> Given information:
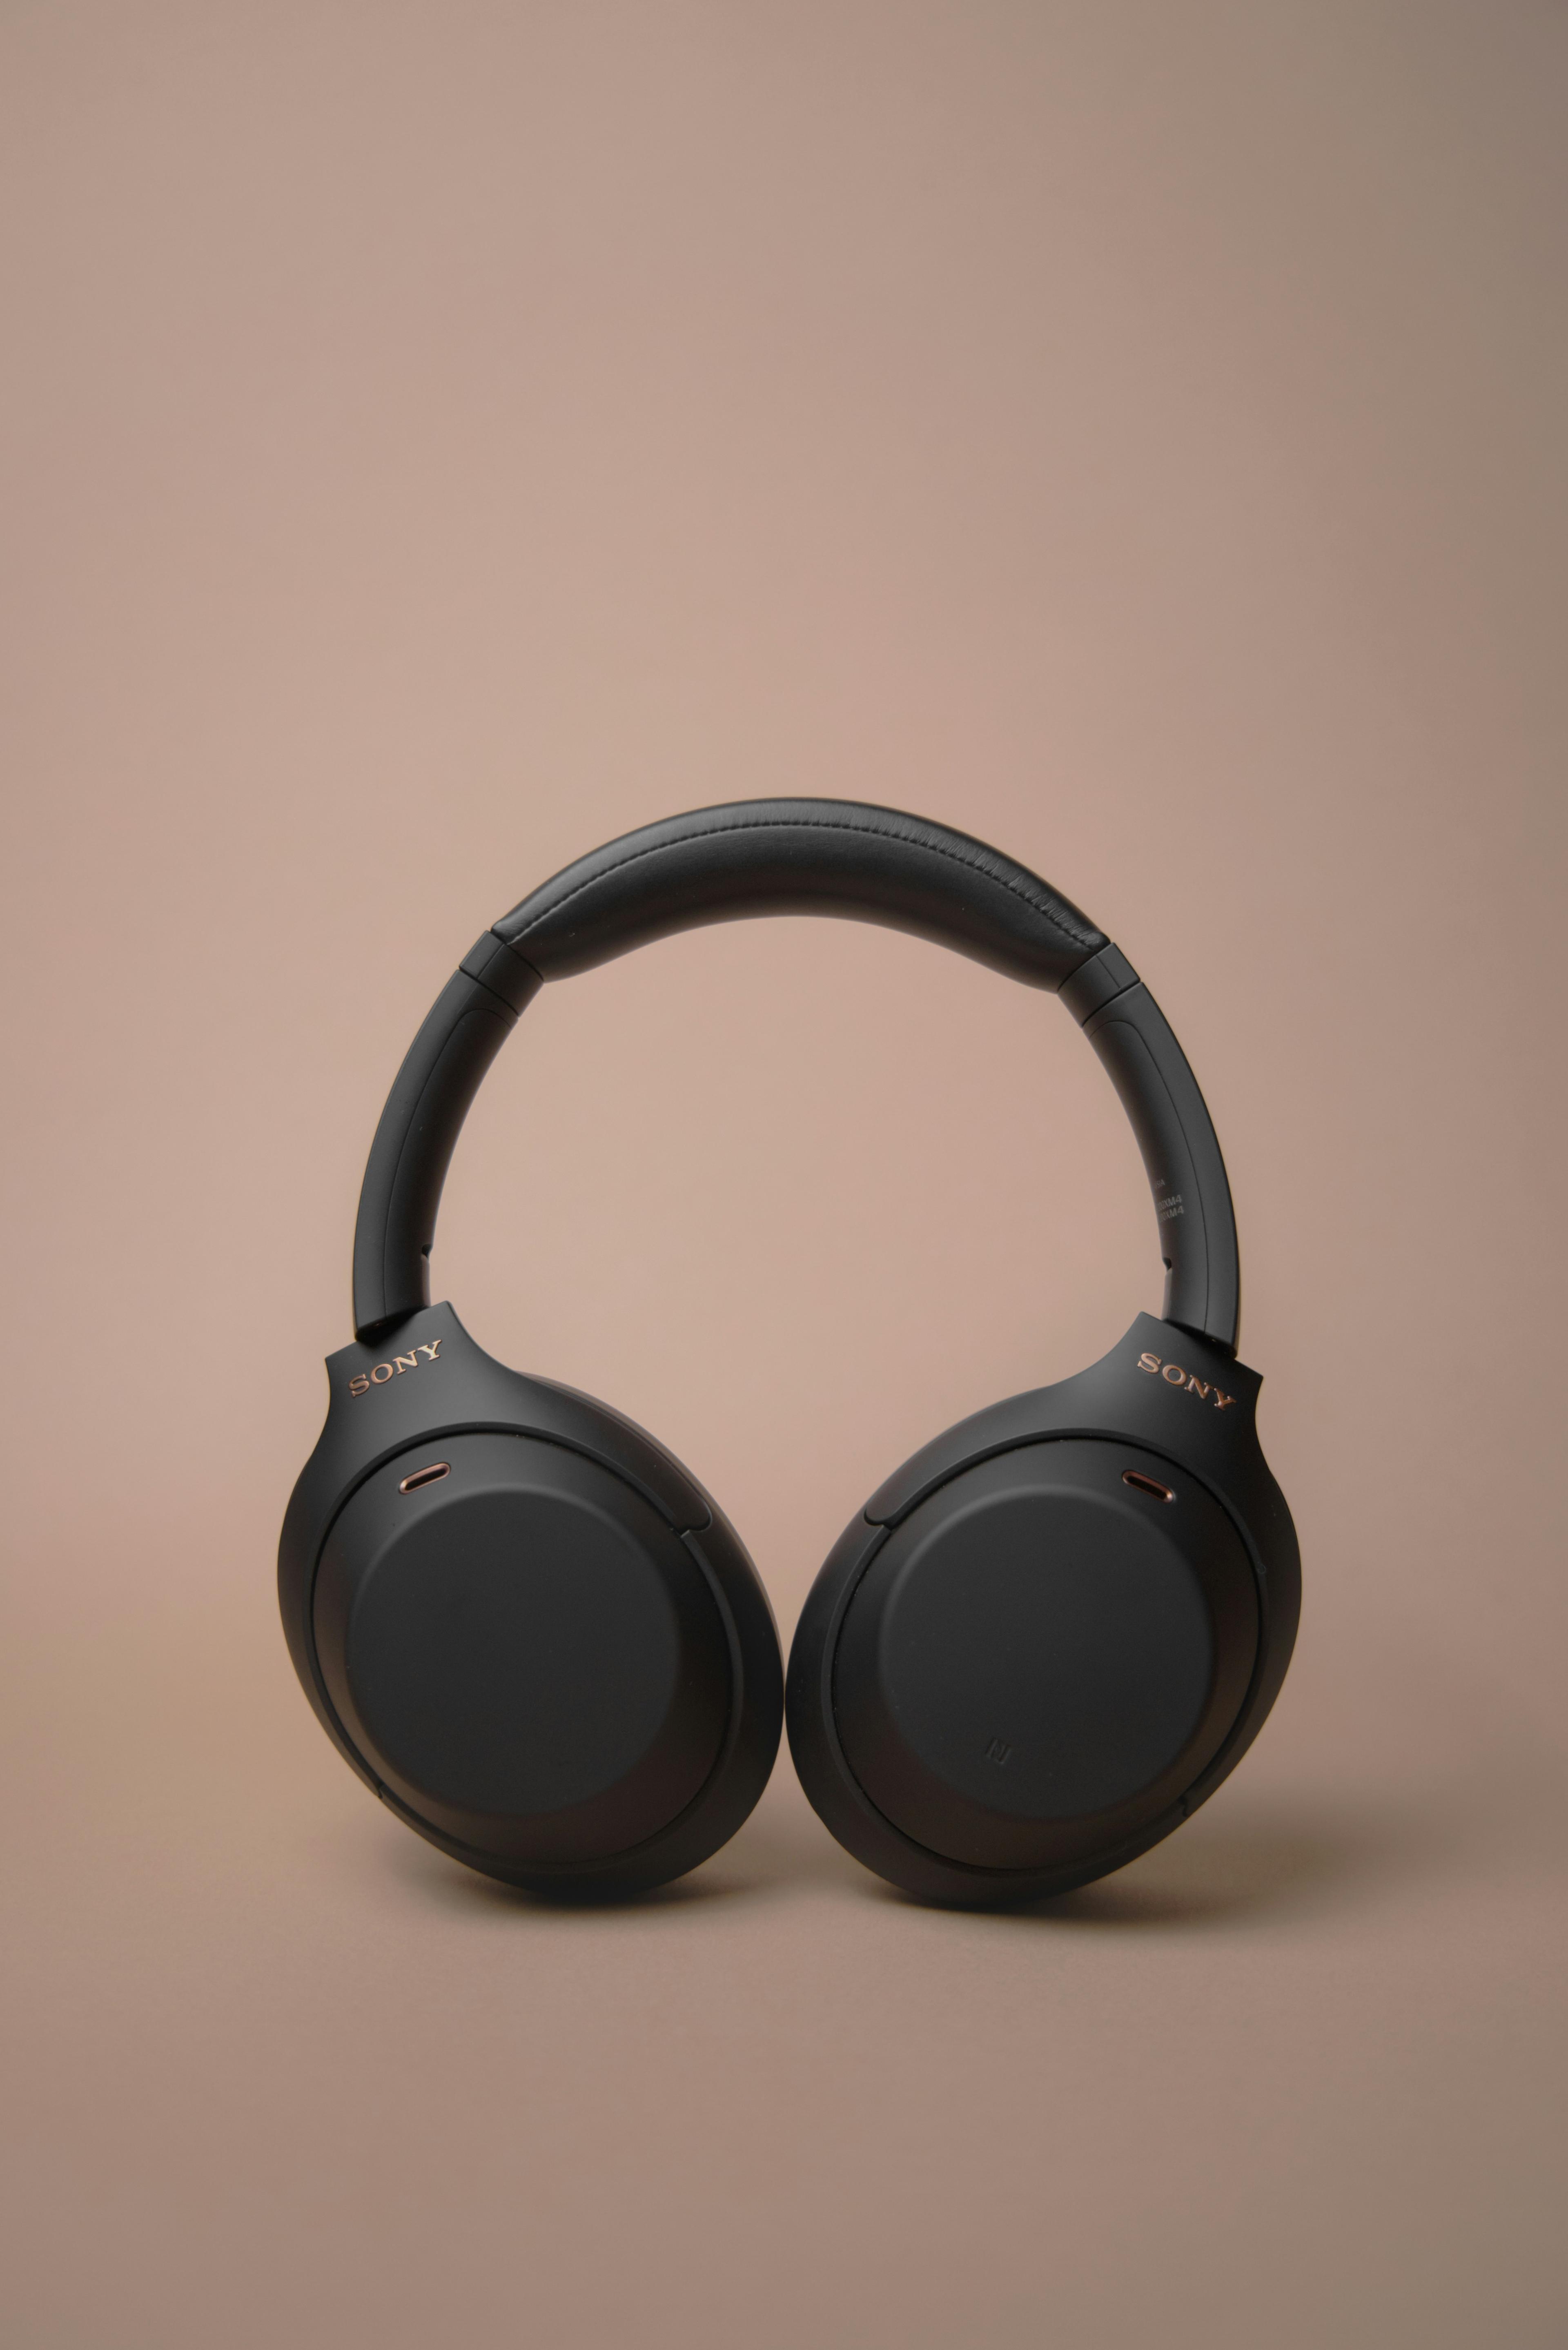 Experience high-quality audio with SonusBeat Pro. These wireless over-ear headphones deliver rich sound and deep bass. The ergonomic design provides comfort during extended listening sessions. With Bluetooth connectivity and a long battery life, you can enjoy your favorite music wirelessly for hours.
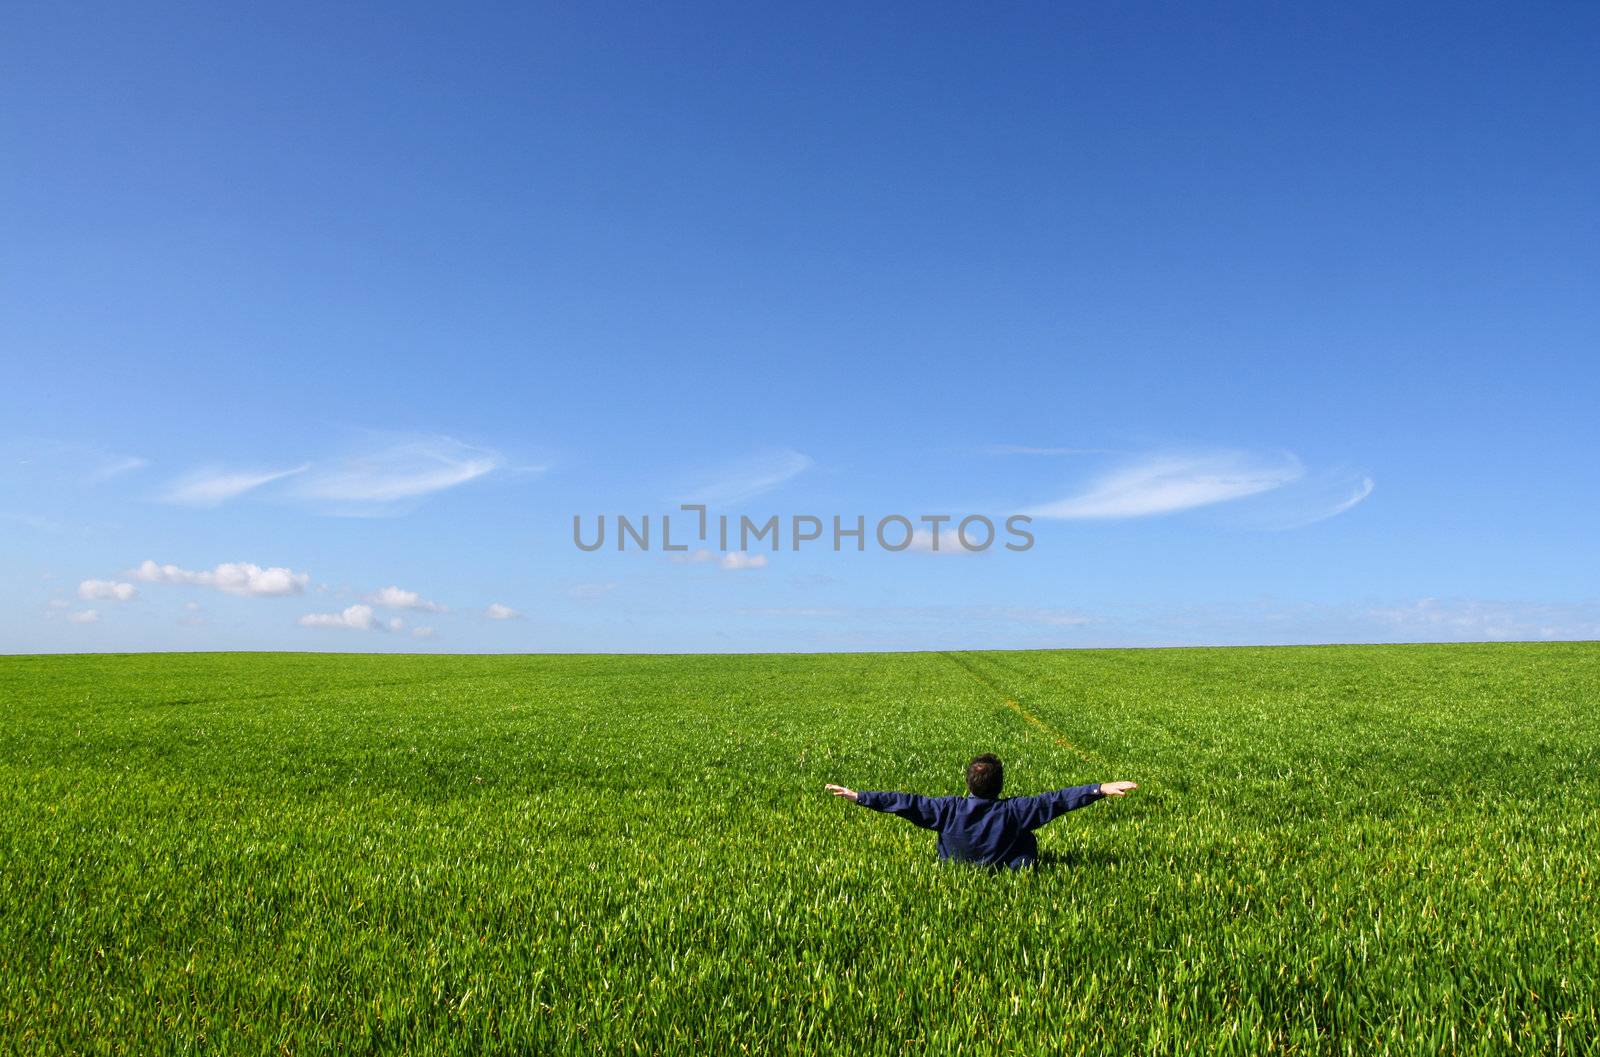 A man sitting alone in a green field, with open arms
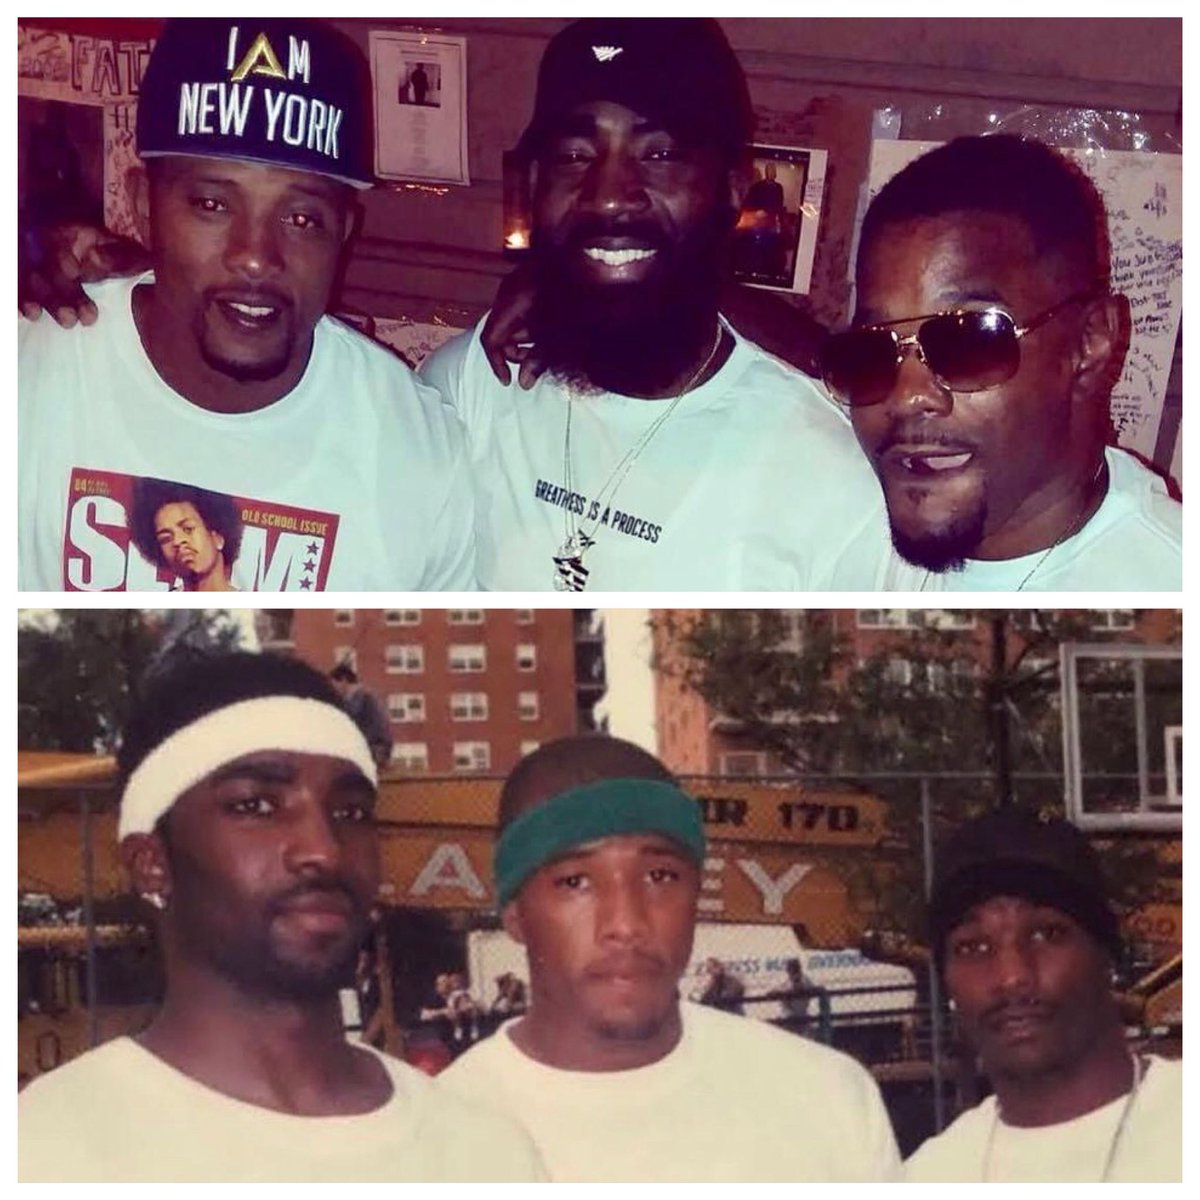 “Our Minds Has Always Been Are Weapons, We Keep Them Loaded” I learned a lot from these 2 LEGENDS ON & OFF THE COURT. I APPRECIATE YALL🤫🗽🏀💪🏾🙌🏾🙏🏾✊🏾💯🤝🏁 @therealshammgod #KareemReid #NYCPointGods #Legendary #StreetsFirst #KnowYourHistory #Basketball #Streetball #NBA

> Your goal: An image-free, exact version of the listing above is required.

> Response to the task:
 Experience high-quality audio with SonusBeat Pro. These wireless over-ear headphones deliver rich sound and deep bass. The ergonomic design provides comfort during extended listening sessions. With Bluetooth connectivity and a long battery life, you can enjoy your favorite music wirelessly for hours.
 A man sitting alone in a green field, with open arms
 “Our Minds Has Always Been Are Weapons, We Keep Them Loaded” I learned a lot from these 2 LEGENDS ON & OFF THE COURT. I APPRECIATE YALL🤫🗽🏀💪🏾🙌🏾🙏🏾✊🏾💯🤝🏁 @therealshammgod #KareemReid #NYCPointGods #Legendary #StreetsFirst #KnowYourHistory #Basketball #Streetball #NBA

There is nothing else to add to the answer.